While executing polychoric PCA to produce an asset/wealth index, three
iterations of the following message appeared:

  numerical derivatives are approximate
  nearby values are missing

I understand that the first principal component should be the wealth
index; it contains negative values, with proportion of explained
variance = ~25%.

Principal component analysis

 k  |  Eigenvalues  |  Proportion explained  |  Cum. explained


  1 |    7.955020   |    0.248594            |   0.248594

Question: Are there any methods to double check that the procedure
performed reasonably well and that I can use this 1st PC as an asset
index? 25% explained variance and persistence of error messages
suggest that I should be cautious.

In case it helps, I have copied below a previous issue I have had with
the same dataset,\ which led me to remove five variables, resulting in
no zeros in correlation matrix.

Thank you for any comments or suggestions!
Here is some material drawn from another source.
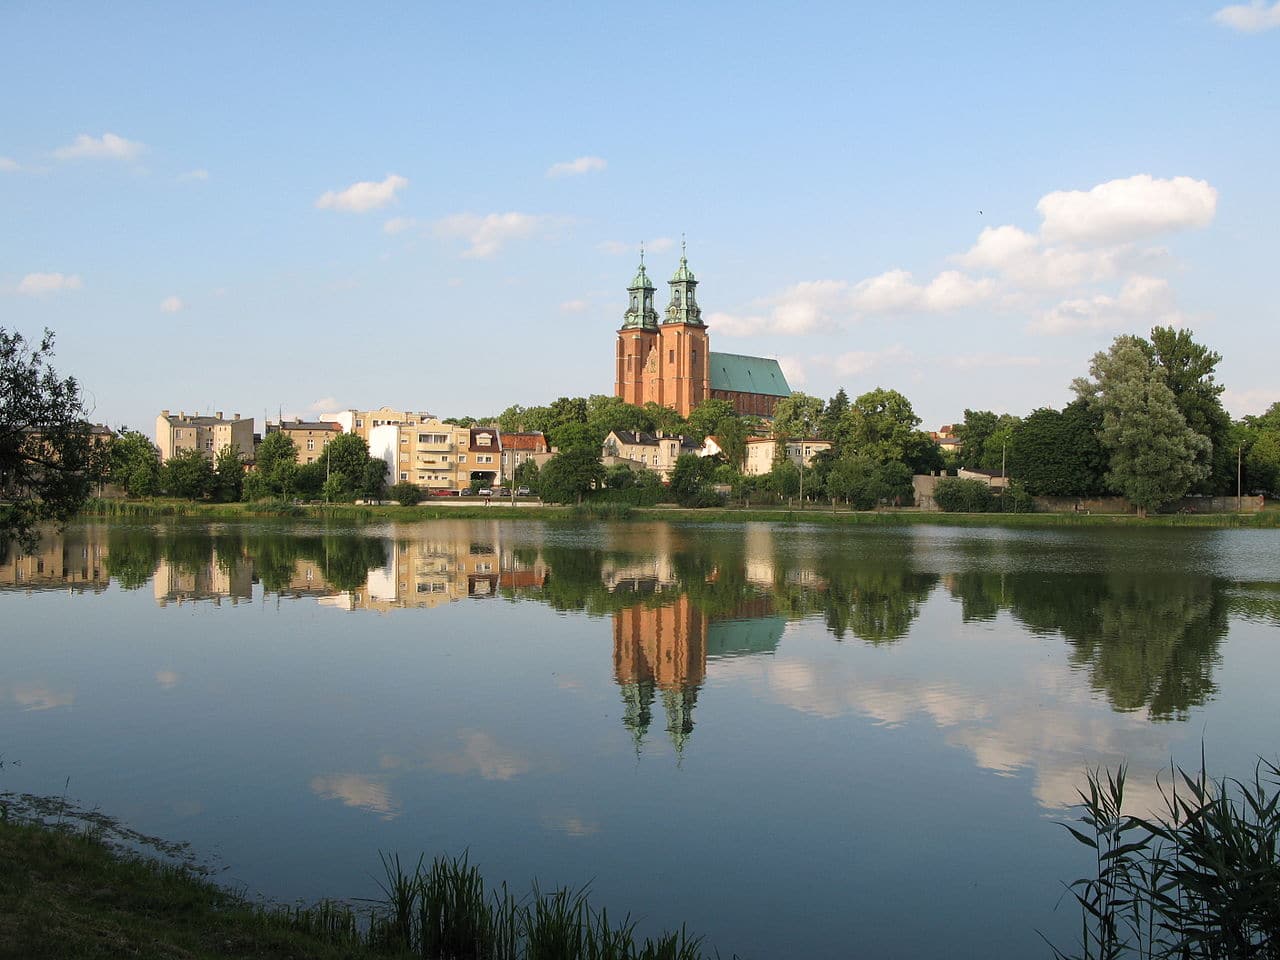 View of Gniezno, Poland, across the lake.

On Tue, 29 Jan 2013 22:05:25, Stas Kolenikov <> wrote:

A zero cell means that the underlying two normal variables have a
correlation of 1 -- or at least that's the maximum likelihood
estimate. Visually, the normal distribution is degenerately
concentrated on a line that passes outside of zero. With a correlation
of 1, ML estimation breaks down: the maximizer runs out of the sample
space, and produces missing values for negative definite matrices that
have correlations > 1; and if a solution is claimed to exist, it can
not stable, as we work with poorly defined matrices that are unstable
to invert (in the sense of finite accuracy arithmetics). In your
example, not only you have zero cells that make estimation of the
correlations difficult; the small marginal proportions will not make
-polychoric- very happy, either.

Vika Savalei wrote about the existing tweaks
(, but
I don't have anything implemented in the code.
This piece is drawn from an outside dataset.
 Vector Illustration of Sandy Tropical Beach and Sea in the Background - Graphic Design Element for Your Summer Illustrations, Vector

On 29 January 2013 22:34, Yashin <> wrote:
Dear Statalisters:

I am trying to run polychoric PCA from Stas Kolenikov on a data subset
(wealth index) that--pre-winnowing--has 32 dichotomous variables, four
ordinal variables, and one continuous variable. I am getting the
following error messages, repeated times:

could not calculate numerical derivatives
missing values encountered
numerical derivatives are approximate
nearby values are missing

I found the following thread addressing this issue,


and similarly I also found that for those coefficients in the
correlation matrix that are either zero or > 0.9, the 2x2 tables
invariably have a cell with small numbers (usually 0, and in other
cases 1, 2, 3 and in one case a 7). In this case, this would not be a
structural zero but a sampling zero.

I have related questions I am hoping someone might help shed light on:

1) When I examined the six 2x2 tables for variable pairs with
correlation coefficients > 0.9, they did not appear to be highly
correlated, and further, included one cell with 0

I'm copying a couple of examples below:

. /* tabulate high correlation pairs */

. tab vacuum carpet

           |        carpet
    vacuum |         0          1 |     Total
         0 |        21        835 |       856
         1 |         0        342 |       342
     Total |        21      1,177 |     1,198

. tab computer stove

           |         stove
  computer |         0          1 |     Total
         0 |        12      1,033 |     1,045
         1 |         0        146 |       146
     Total |        12      1,179 |     1,191

2) When I run the polychoric with only the dichotomous variables, and
then with the same variables plus the additional 5 variables described
above (ordinal and continuous), I get different correlation
coefficients in the correlation matrix for the same variable pairs.
How could this be? Sometimes the values are similar and yet different,
and in other cases the values are quite different (some of the
correlations > 0.9 when binary, ordinal and continuous variables are
included in the matrix become zero when only binary variables are
included in the matrix).

3) To address the issue of 2x2's with zeros, one colleague suggested
flattening in the previous thread ( )--I
wondered if there are other options.

Many thanks for any thoughts!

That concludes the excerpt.